↓

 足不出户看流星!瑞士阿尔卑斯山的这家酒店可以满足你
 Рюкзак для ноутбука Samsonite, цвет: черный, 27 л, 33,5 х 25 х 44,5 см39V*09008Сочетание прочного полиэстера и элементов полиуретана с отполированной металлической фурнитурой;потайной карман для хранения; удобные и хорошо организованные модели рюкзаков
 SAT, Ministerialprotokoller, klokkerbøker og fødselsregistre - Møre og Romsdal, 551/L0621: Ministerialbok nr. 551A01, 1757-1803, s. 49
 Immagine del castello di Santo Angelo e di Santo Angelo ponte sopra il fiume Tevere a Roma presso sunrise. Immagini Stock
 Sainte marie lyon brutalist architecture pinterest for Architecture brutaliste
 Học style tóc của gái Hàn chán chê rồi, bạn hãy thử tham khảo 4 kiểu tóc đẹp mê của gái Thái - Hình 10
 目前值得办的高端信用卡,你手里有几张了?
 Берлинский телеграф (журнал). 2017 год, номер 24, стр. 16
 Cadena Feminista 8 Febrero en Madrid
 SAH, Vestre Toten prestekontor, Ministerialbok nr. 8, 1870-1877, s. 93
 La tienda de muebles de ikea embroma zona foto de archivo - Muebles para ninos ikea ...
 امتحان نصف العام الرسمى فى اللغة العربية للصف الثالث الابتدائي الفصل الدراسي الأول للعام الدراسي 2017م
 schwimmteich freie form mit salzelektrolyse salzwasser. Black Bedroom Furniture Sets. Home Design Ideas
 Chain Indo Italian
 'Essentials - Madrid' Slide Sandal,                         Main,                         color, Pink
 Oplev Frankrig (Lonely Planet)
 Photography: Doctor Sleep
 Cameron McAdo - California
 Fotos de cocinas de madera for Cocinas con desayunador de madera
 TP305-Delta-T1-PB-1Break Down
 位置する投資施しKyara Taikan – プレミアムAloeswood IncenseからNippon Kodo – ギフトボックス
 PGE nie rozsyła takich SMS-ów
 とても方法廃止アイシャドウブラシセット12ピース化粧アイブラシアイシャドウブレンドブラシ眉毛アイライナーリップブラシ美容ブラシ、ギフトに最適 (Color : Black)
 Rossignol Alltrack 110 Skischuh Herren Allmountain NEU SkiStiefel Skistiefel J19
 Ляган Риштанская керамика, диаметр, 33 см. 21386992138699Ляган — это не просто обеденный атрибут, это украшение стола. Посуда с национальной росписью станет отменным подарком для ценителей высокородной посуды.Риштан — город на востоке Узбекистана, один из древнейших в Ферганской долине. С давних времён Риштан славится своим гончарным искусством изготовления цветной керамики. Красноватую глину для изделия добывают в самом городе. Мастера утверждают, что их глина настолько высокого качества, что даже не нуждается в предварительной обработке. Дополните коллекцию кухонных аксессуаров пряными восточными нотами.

↑

§ YOUR OBJECTIVE:
Up to and including the line with "Học style tóc", repeat the data exactly, starting from its first line; nothing else belongs in the response.

§ OUTPUT OF THE EXERCISE:
 足不出户看流星!瑞士阿尔卑斯山的这家酒店可以满足你
 Рюкзак для ноутбука Samsonite, цвет: черный, 27 л, 33,5 х 25 х 44,5 см39V*09008Сочетание прочного полиэстера и элементов полиуретана с отполированной металлической фурнитурой;потайной карман для хранения; удобные и хорошо организованные модели рюкзаков
 SAT, Ministerialprotokoller, klokkerbøker og fødselsregistre - Møre og Romsdal, 551/L0621: Ministerialbok nr. 551A01, 1757-1803, s. 49
 Immagine del castello di Santo Angelo e di Santo Angelo ponte sopra il fiume Tevere a Roma presso sunrise. Immagini Stock
 Sainte marie lyon brutalist architecture pinterest for Architecture brutaliste
 Học style tóc của gái Hàn chán chê rồi, bạn hãy thử tham khảo 4 kiểu tóc đẹp mê của gái Thái - Hình 10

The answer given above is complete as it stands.